Honor looked as if she was going to cry.

“They sound dreadful,” she said, and took another sip of water, whilst Molly removed the fish.

Downstairs in the kitchen she told Mrs. Deeping, “They're carrying on something chronic, just as if it was all a joke—him and Miss Nora. I'll say that for Miss Carey, she don't join in. And Miss Honor, she sits there and doesn't eat anything you can call eating—just a pick here and a pick there, and pushing it about on her plate.”

Mrs. Deeping looked as severe as her plump, good-natured face allowed.

“You get this pudding up whilst it's hot, and don't go passing remarks about what you hear in the dining-room to anyone else but me! Miss Honor's been timid from a child, and Mr. Dennis he didn't ought to tease her the way he does. But there—he've got his troubles like the rest of us. When I hear that crutch of his and think how he used to go tearing up the stairs four steps at a time—wild as hawks he and Miss Nora was, and that full of spirits you couldn't hold them—it's all I can do not to cry. So if he can get a bit of fun out of anything I'm not the one to grudge it, and it's none of your business.”
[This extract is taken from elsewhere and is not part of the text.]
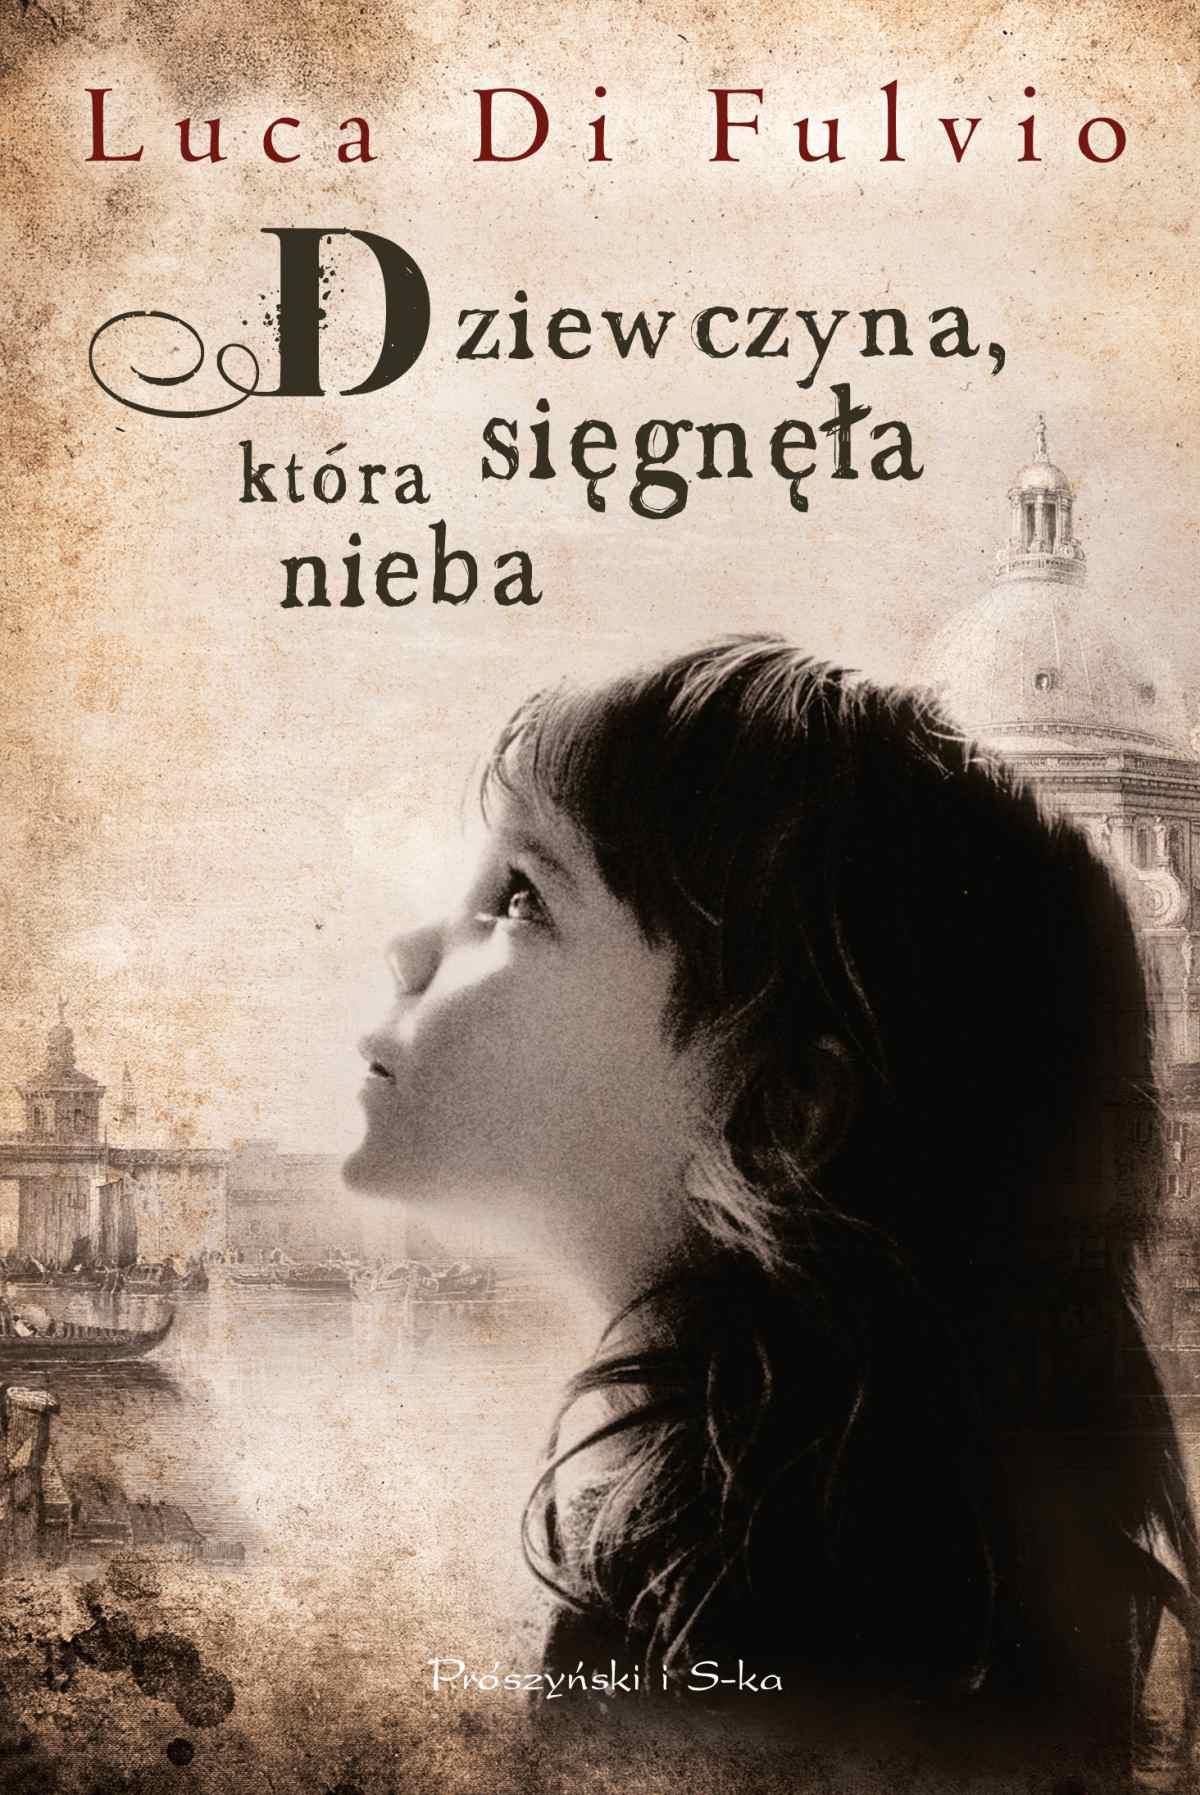 Dziewczyna,która sięgnęła nieba - Ebook (Książka na Kindle) do pobrania w formacie MOBI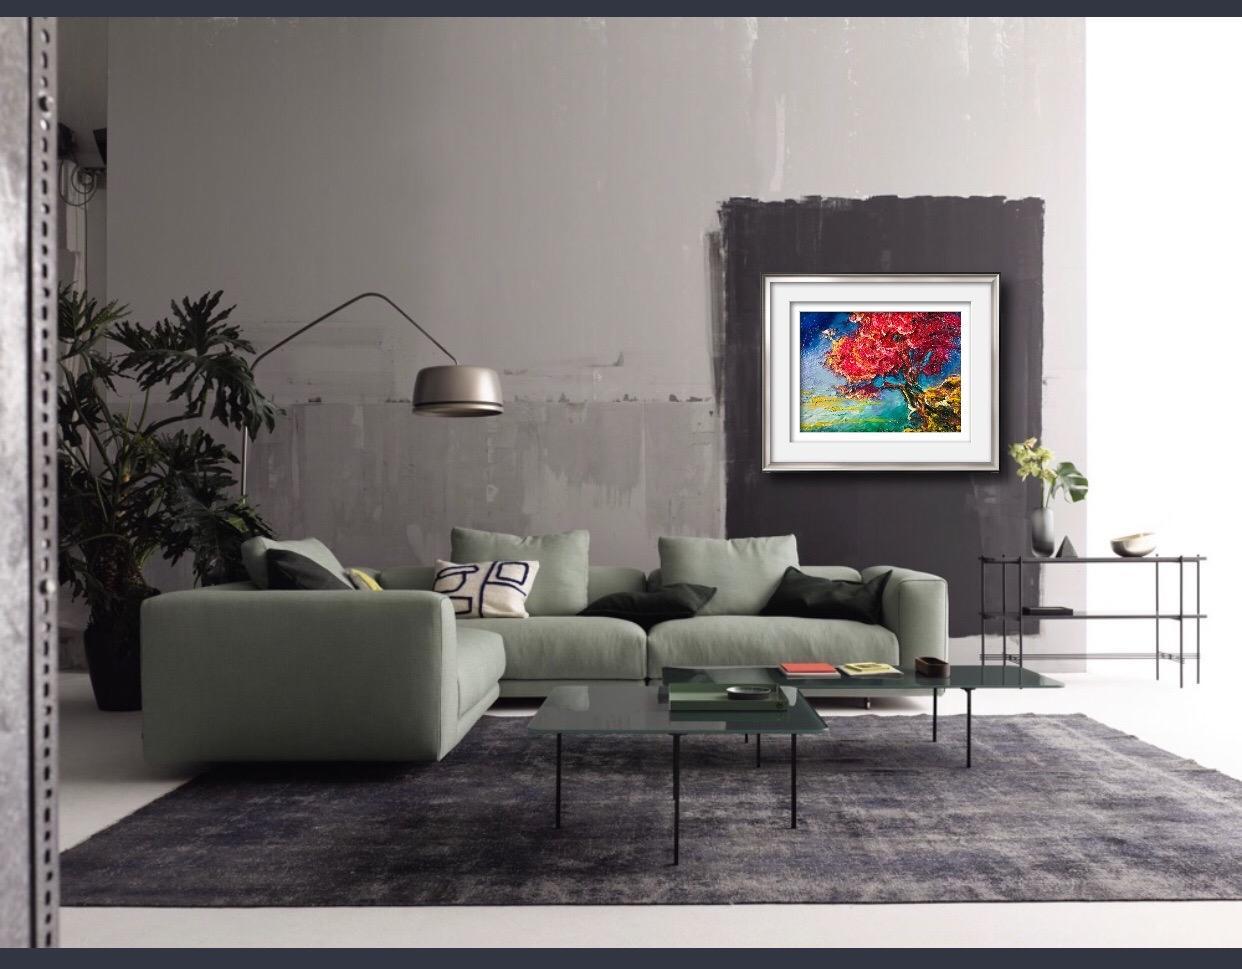 Home | Interieur | Einrichtung - Wandbilder verschönern den Raum, steigern das Wohlbefinden und werten die Atmosphäre auf.

“No, Mrs. Deeping,” said Molly with her eyes as round as saucers.

When she put the pudding down in front of Dennis he began to ask her about the letter.

“It came by hand?”

“I don't know.”

“Well, was there a stamp on it?”

“Oh, no, Mr. Dennis.”

“How was it addressed?”

“‘Mrs. Maquisten.'”

“Nothing else?”

“No, Mr. Dennis.”

“Then it must have come by hand. Did you see anyone coming up to the door or going away?”

“Oh, no. It was lying just inside on the mat—put in through the letter slit.”

“You don't know how long it had been there?”

“No, Mr. Dennis.”

“Molly, think! Did you know the writing?”

She stood there looking confused, shaking her head.

“Was it like any writing you have seen before on a letter to Mrs. Maquisten?”

“Oh, no, Mr. Dennis.”

“Would you know it again?”

Molly brightened.

“Oh, yes! It was ever so straight up and down, and as clear as print.”

Whilst he helped the pudding, and before Molly was out of the room, he and Nora were hard at it discussing handwritings and the possible authorship of the letter.

“You see, if we know who wrote it—a dirty dog if ever there was one, and I hope someone plays the same trick on him or her—we can make a pretty good guess at which of us is for it, and we can be thinking up an extenuating circumstance or so. Darling—” he turned to Carey—“you were the first to see her after the blow. Are you quite sure she didn't say anything about the letter?”

“No, she didn't, Dennis.”

“Did you see it?”

She shook her head.

“No.”

“Where was she—in bed?”

Carey said, “Yes.” She had a picture in her mind of Honoria Maquisten sitting up very straight, with a deep colour of anger in her face, and eyes that went through and through you. Her own colour failed, leaving her noticeably white.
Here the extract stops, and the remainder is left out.